Mehr als 20 Jahre journalistische Arbeit bei der TextilWirtschaft. Als Redakteur, Korrespondent, Business-Ressortleiter. Chefredakteur von 2006 bis 2011. Die TextilWirtschaft ist das führende Medium für das Modebusiness im deutschsprachigen Europa. Seit 2012 selbstständig in der Personalberatung. 2016 Gründer von SUITS. Executive Search.

Eine Antwort auf „E-Fashion und F-Commerce, Mobile und Multichannel: „Es ist ein Marathon“

  1. Mode online zu verkaufen ist sicher schwer – sehr schwer -, doch das Online-Geschäft in Deutschland ist sowieso schwer. Warum? Meiner Meinung ganz einfach: Wenn ein Verkäufer etwas über positive Umsatzzahlen hinaus liebt, dann sind es Satistiken und Projektpläne (was beides sicher unerlässlich ist), was er aber nicht liebt ist der Kunde.
    Man sieht es im Social-Commerce (allem voran im F-Commerce), dass damit der deutsche Onlinehändler als solches überfordert ist. Natürlich gibt es wunderbare Ausnahmen, doch es sind eben nur Ausnahmen. Sobald der Kunde zum Menschen wird, wird er dem reporting-getriebenen Onlinehändler suspekt/unfassbar. Und wie will man online Mode verkaufen, wenn man den Menschen nicht wirklich mag und kennt? Mode ist ein Glaubenbekenntnis, eine Bühne sich selbst darzustellen und sich zu etwas unverwechselbarem zu machen. Das bedeutet, man muss ihn oder sie wirklich kennen und da hilft einem ein Algorithmus nur begrenzt, da es um Emotionen, um Eitelkeiten, um Selbstwert geht.
    Sinnvoll scheint mir auch, den echten und nicht den demoskopischen Dialog mit dem Kunden zu suchen, ihm zuzuhören und in ernst zu nehmen. Das kling nach Allgemeinplätzen ist aber das Wesen des Verkaufens, man muss nur lernen die Allgeminplätze mit Leben zu füllen. Dopch dazu ist der deutsche Online-Handel zu preussisch.

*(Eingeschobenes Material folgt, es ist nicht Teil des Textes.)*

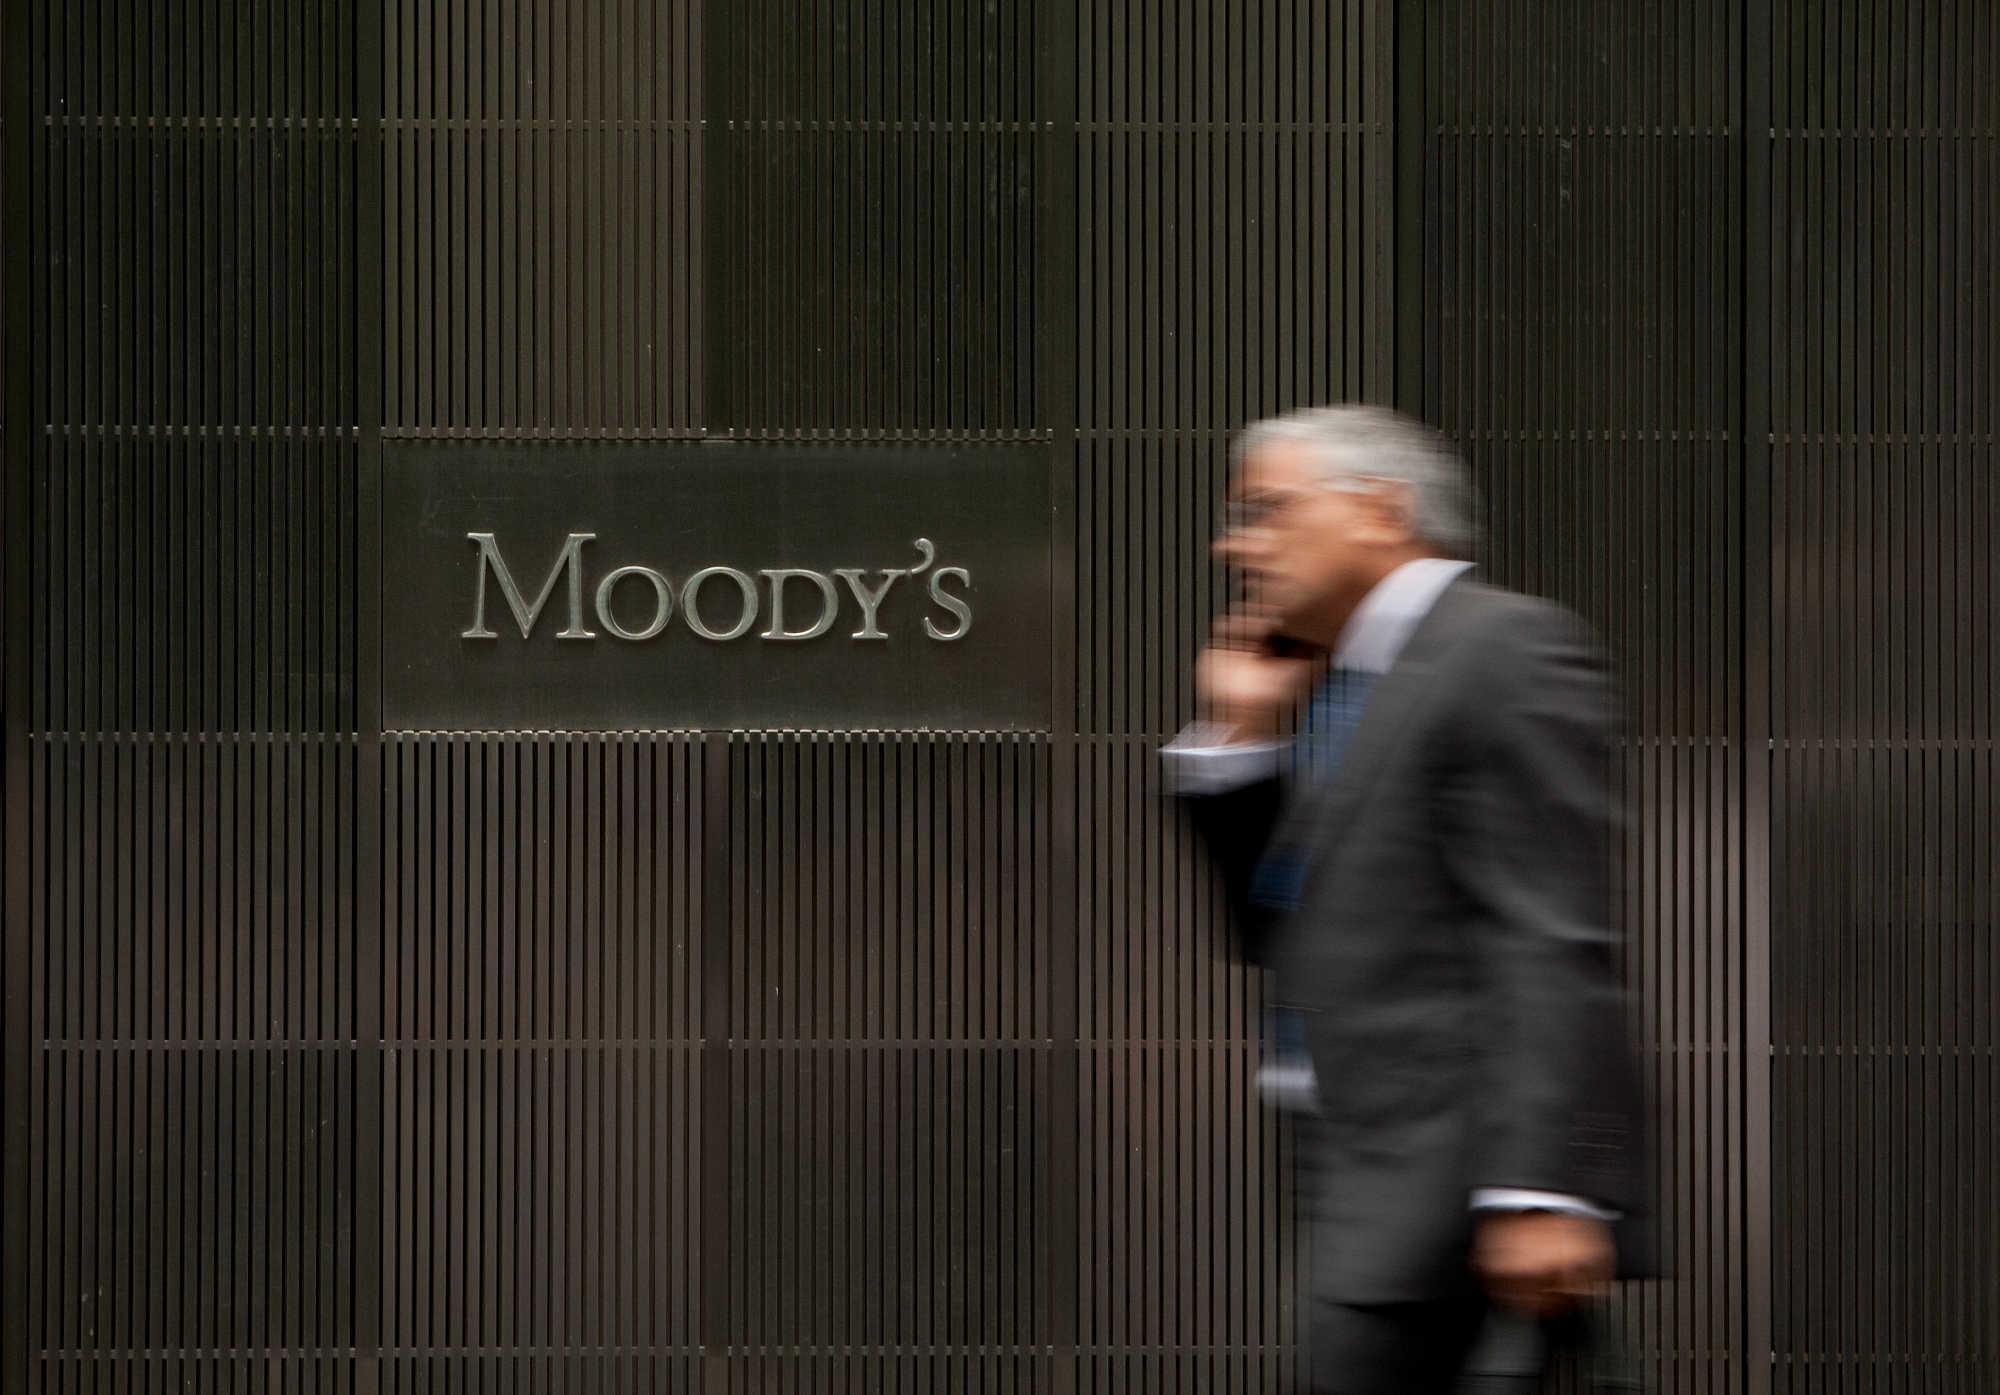 Moody's: Καμπανάκι για χρέος, εύσημα για μεταρρυθμίσεις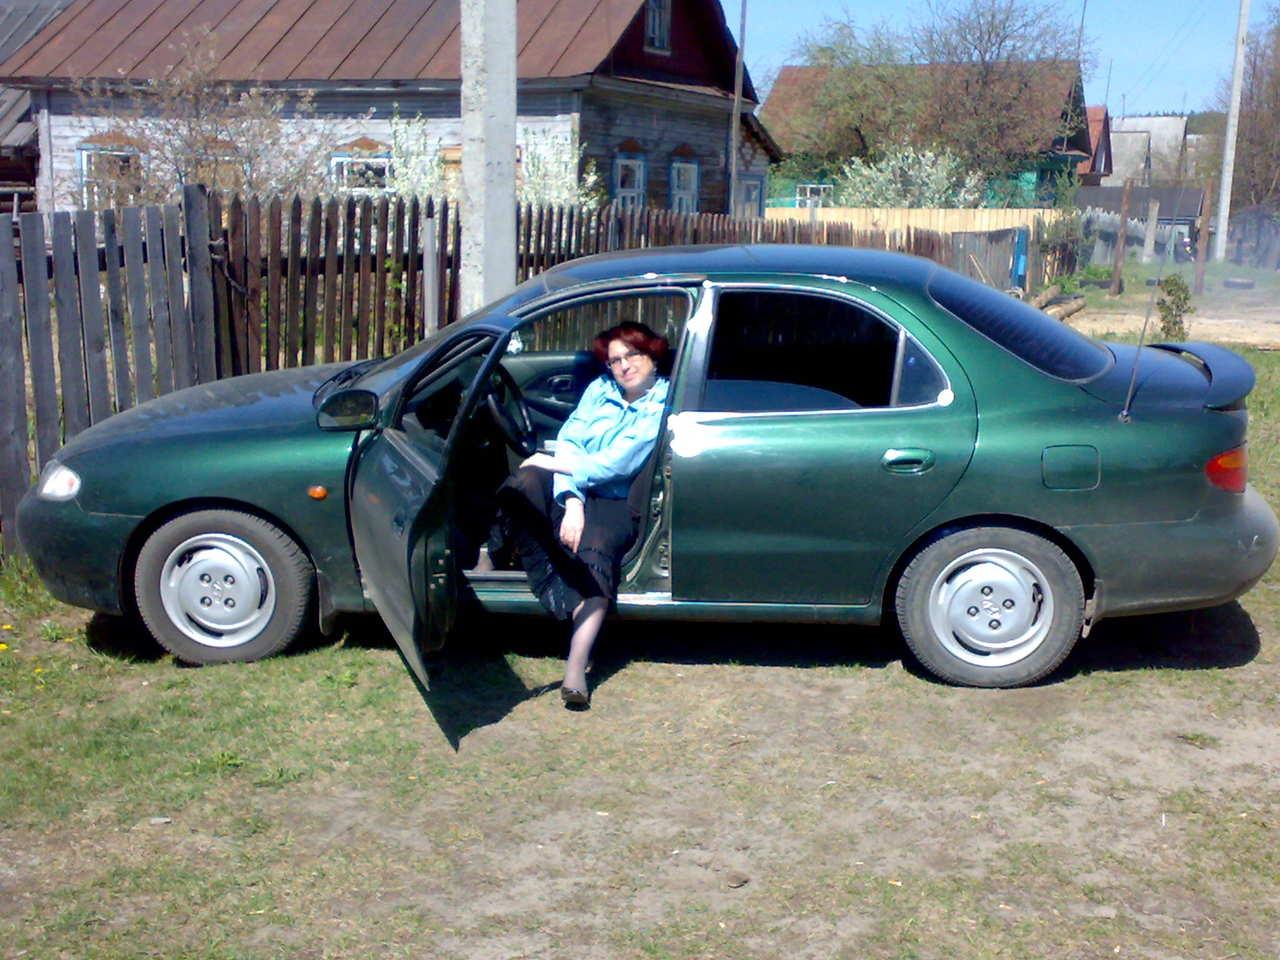 Hyundai Elantra: Troubleshooting

    Ein zweiter Aspekt ist sicher, dass man auch sein Produkt lieben muss, man – wie es eine Kollegin von mir zu sagen pflegt – muss es leben. Die letzte Mütze, der vorletzte Gürtel und der vorvorletzte Strumpf muss einem Herzen liegen.
    Nur mit einem solchen Spirit kann man verkaufen und das geht dann auch online. Wer seine „Klamotten“ (Fashion oder nicht) lieblos und uninspiriert präsentiert, wer den Kunden mit Auswahl und und Standards allein lässt, der wird nie Mode verkaufen, sondern nur ein Umschlagplatz für Textil bleiben – und das auf kleinem Niveau.

    … und da helfen auch keine Brandreden von antiken Läufen, sondern nur echtes Basis-Marketing.